Despite all those efforts, Lopez was initially uncertain if she should agree to star in the film.
"The actress in me looks at it on the page and goes, 'Oh, this is going to be so much to sink my teeth into.' And then there’s Jennifer the mom, and Jennifer the public person. I go through all those silos and I think about it," she explains in Variety. "But in the end, the artist always wins out, because that’s what I love to do."
Though Lopez's artist instincts led her to accept the Hustlers role, she tells the THR roundtable that the movie "was the first time in a long time that I was actually terrified, really scared" of a part, largely because the opening pole dancing number, which she was the one to suggest.
"It was my fault that I was there to begin with. It wasn't written in the script," she shares. "And I was like, no, she's the big money-maker at the club -- she has to show why. We can't say it, we have to do it. I have to dance on the pole, I have to show them, I have to go there."
"Then when I was there and I had the dental floss on, I'm out there in a way I've never been. It was so scary, I was so terrified. I have my robe on and there's 300 extras, all men," Lopez continues. "I think that was putting myself out there, in a way, deeper than I had ever done physically and emotionally, and playing a character that was that unapologetic in so many ways. It was so different from who I was."
Apart from her career, during the THR discussion Lopez also opens up about the public's interest in her personal life, which largely comes thanks to her high-profile engagement to Alex Rodriguez.
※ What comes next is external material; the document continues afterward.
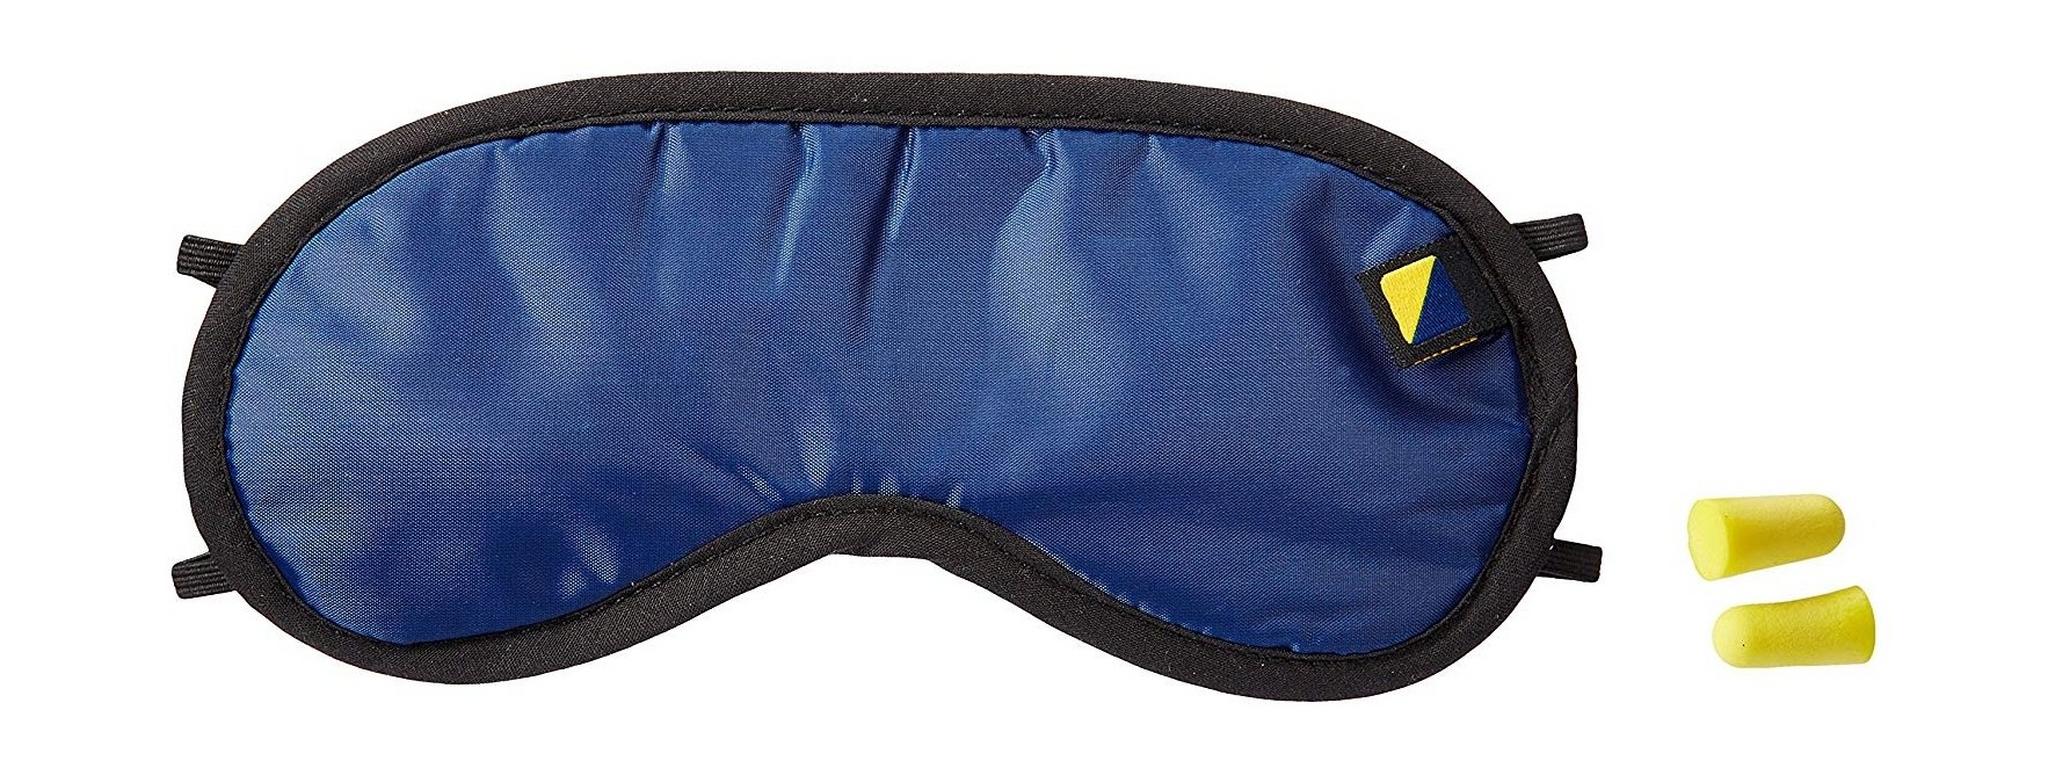 Travel Blue Earplug And Eye mask Comfort Set

"I've been really picked out and plagued with that," she says of tabloid interest. "Lots of stories, lots of lies, lots of things where you're trying to figure out, 'How did this happen? How did I become that person?'"
Over the years, though, Lopez says she's learned that "none of it matters" to the point where "it doesn't really bother" her anymore.
"I've learned that I know who I am, I know what I do, I know I'm a good person, I know I'm just out here working my a** off and trying to fulfill myself creatively," she says. "There was a time in my life when it was such a big part and it was so hurtful and so hard that you think, 'I don't want to do this anymore, I don't want to be the person on the cover of the magazine every week for two and a half years, I don't. This is crazy. Why me?'"
However, Lopez says that her stint judging on American Idol -- which she did on and off from 2011 to 2015 -- helped the public change its perception of her.
"I think honestly American Idol helped with that a lot. Of all the things that I've done in my career, people actually just seeing me talk about how much I love music and how much I love people and how much of a girl's girl I am and how much of a crier I am -- things shifted," she says.
Amid awards buzz for Hustlers, Lopez is also set to focus on her music, having recently been tapped -- along with Shakira -- to headline the Super Bowl halftime show.
"We’re both excited to have been given the opportunity to do that, as two Latin women, in Miami," Lopez tells Variety. "I think it’s important in this day and age for two Latin women to be standing on that stage -- when Latinos are being treated a certain way in this country, or looked at a certain way -- to show that we have a really specific and beautiful culture and worth and value, and we bring something to this country that’s necessary."
"I think that’s going to be an amazing moment," she continues. "That night, I want it to be a celebration of who we are. All of us, because we’re in this together. That’s how I feel. I want to bring everybody together in that moment."